A terminal illness and a series of burgeoning romantic connections give depth and heart to this touching and engaging rumination on life and female friendship.
5. Juvenile Justice
Screen doyen Kim Hye-soo makes her Netflix debut in grand fashion as a stern judge who presides over a juvenile court and becomes the focus of national attention when several high-high-profile cases appear on her docket.
Kim is in her element as she carries this involving tale that binds together several issues affecting Korean society today in a slick and affecting package.
4. Pachinko
Apple TV+’s sweeping epic brought Min Jin Lee’s acclaimed bestseller about Korean immigrants in Japan to a much broader global audience, and garnered some of the best reviews of any show released this year.
Oscar winner Youn Yuh-jung, heartthrob Lee Min-ho and terrific newcomer Kim Min-ah bring this powerful multi-generational tale to life, helped by rich, meticulous and evocative staging and a narrative that finds catharsis in the ebbs and flows of time.
With only half the book adapted and given the strong viewer response, a second season is all but assured.
3. Our Blues
Hit writer Noh Hee-kyung assembled the year’s starriest drama cast in Our Blues and each of them delivered in this earthy and heart-warming Jeju-set drama about a gregarious community of merchants, seafood divers and fishmongers.
Rather than mix everything up from the get-go, the story gives each relationship time to grow and breathe in individual episodes, while the rest of the cast buzz around in the background.
Lee Byung-hun and Kim Hye-ja are particular highlights among a sterling cast.
2. Twenty-Five, Twenty-One
Kim Tae-ri is an utter delight as the feisty fencer who comes of age in the kaleidoscopic and thoroughly engaging youth romance Twenty-Five, Twenty-One.

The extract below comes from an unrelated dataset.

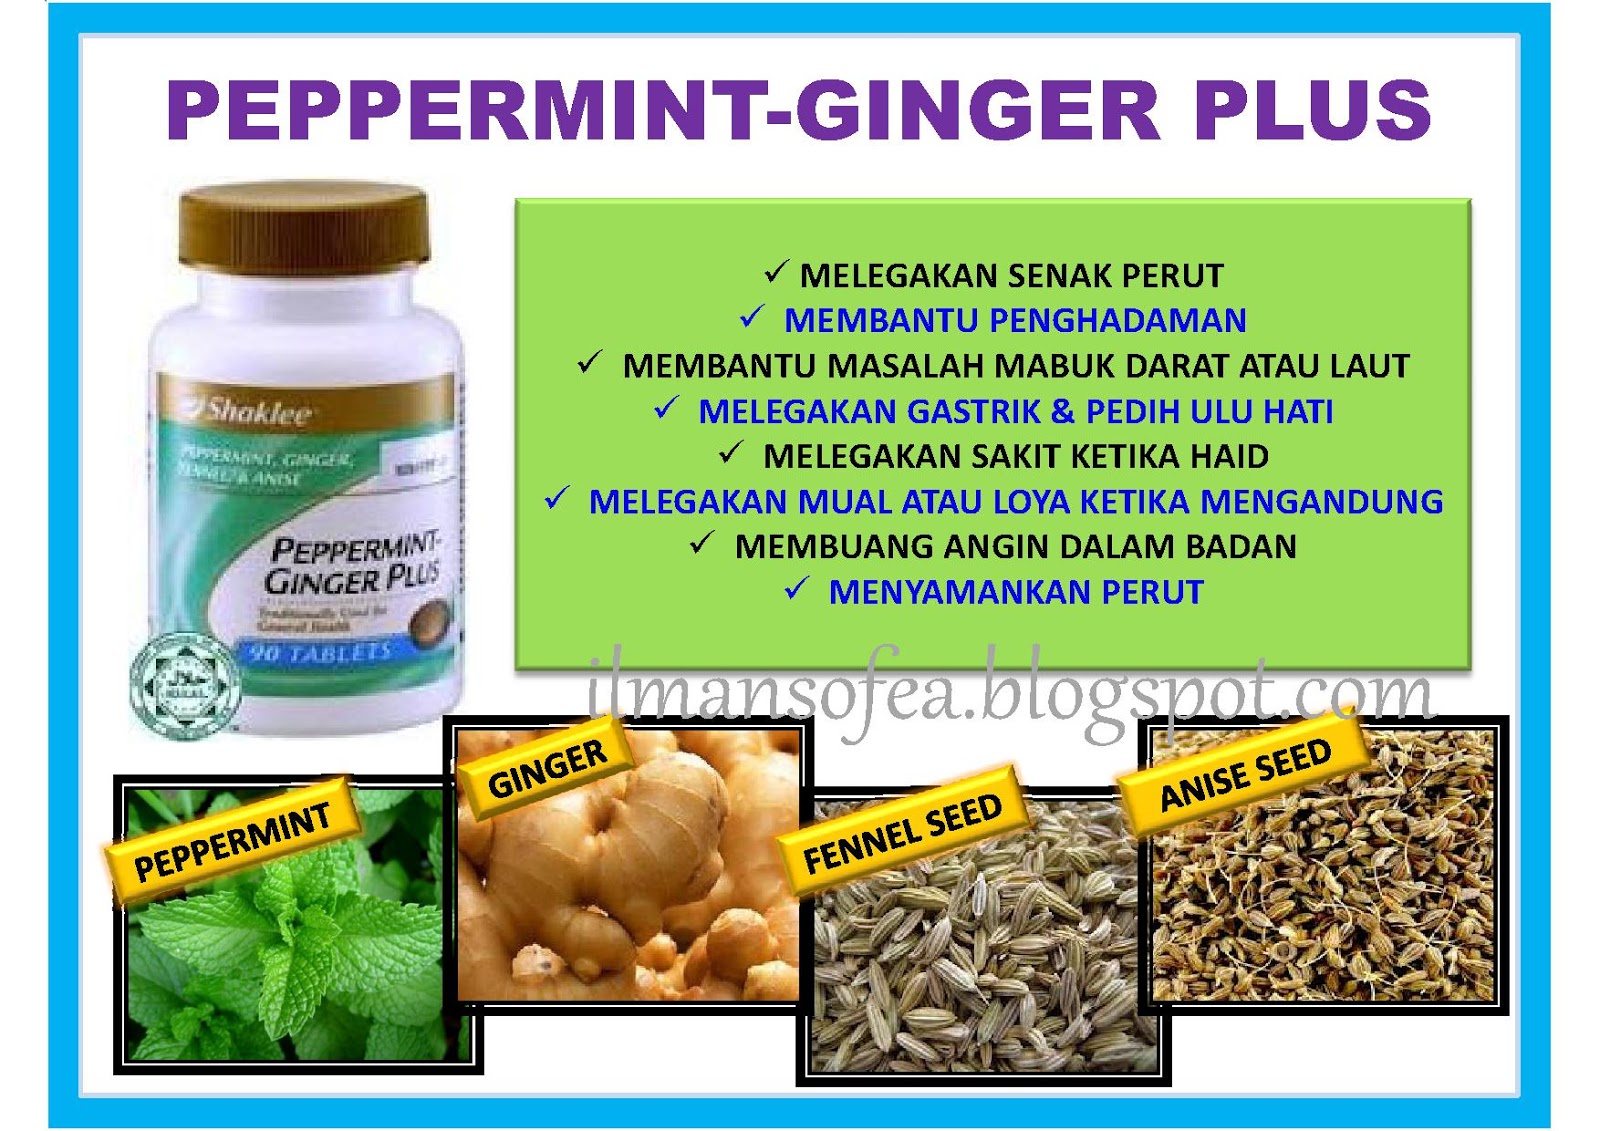 Harapan impian realiti : Peppermint-Ginger Plus
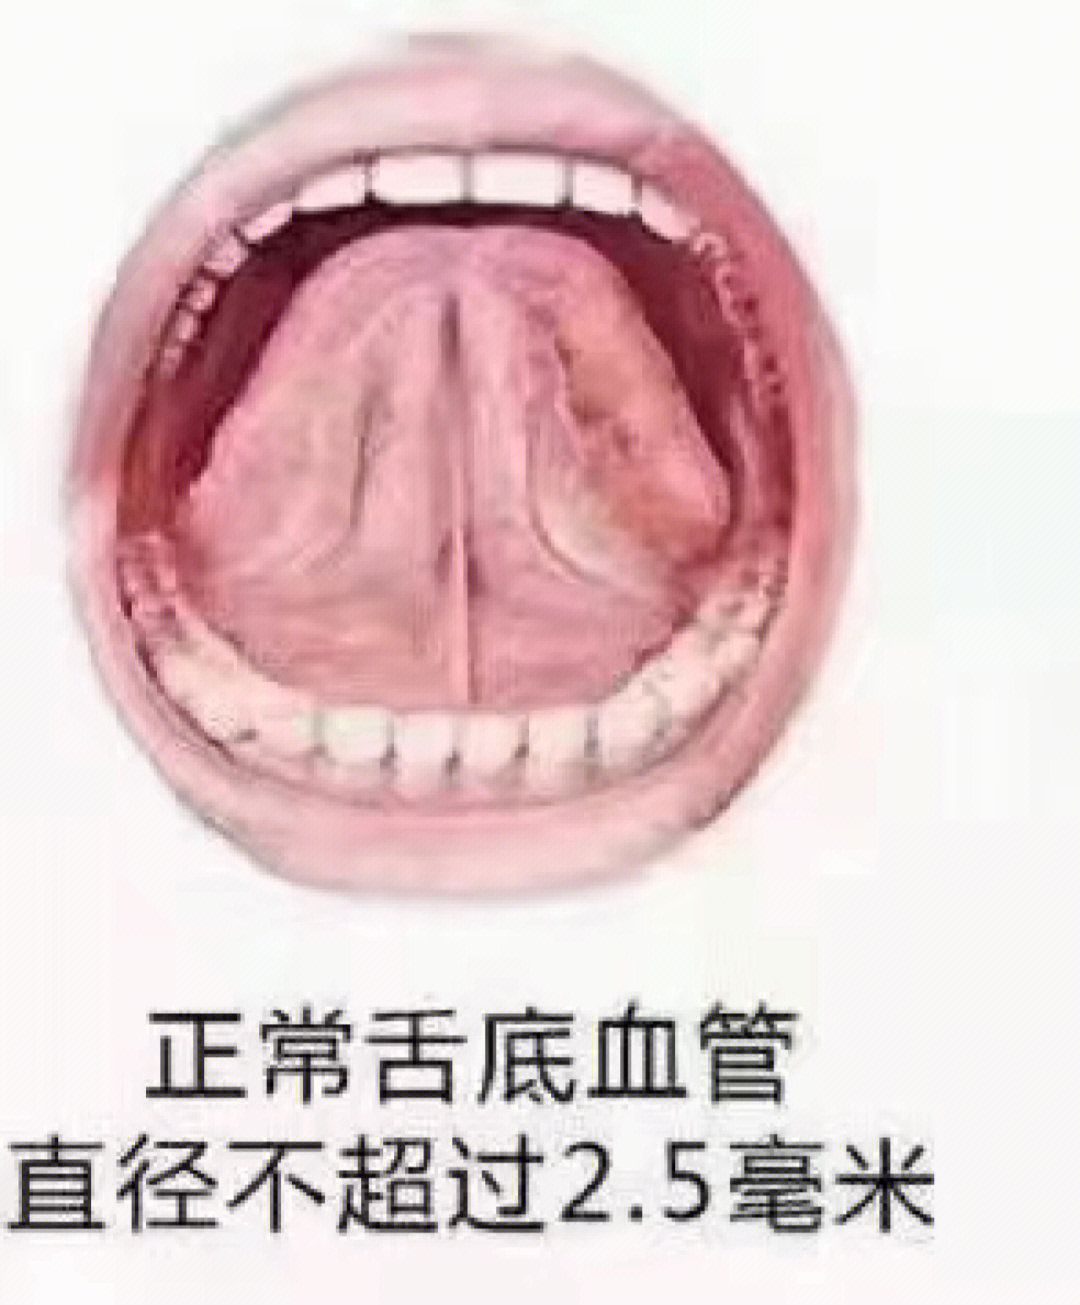 舌诊 黄燥苔:成因有数种: (1)苔薄黄而干,为病初外邪化热入里,邪热伤

She shares wonderful chemistry with co-star Nam Joo-hyuk, who puts in a quieter but no less impressive performance.
Funny, heartfelt and surprisingly thoughtful, the show quickly became a sensation. It engages with history to great effect, the 1997/8 Asian financial crisis adding an emotional layer at the outset, but a ripped-from-the-headlines event adds an awkward note later on.
1. My Liberation Notes
My Mister writer Park Hae-young returned in outstanding fashion this year with the exceptional sliceof-life drama My Liberation Notes.
Son Suk-ku steals the show as the enigmatic Mr Gu, but the whole cast shines in this absorbing and complex tale about the frustrated dreams of a trio of siblings who commute into Seoul from the countryside, and the elusive personal freedom they attempt to achieve.
Layered, textured and frequently triumphant, My Liberation Notes will be a hard show to beat when we sit down to draw up our year-end ranking in six months’ time.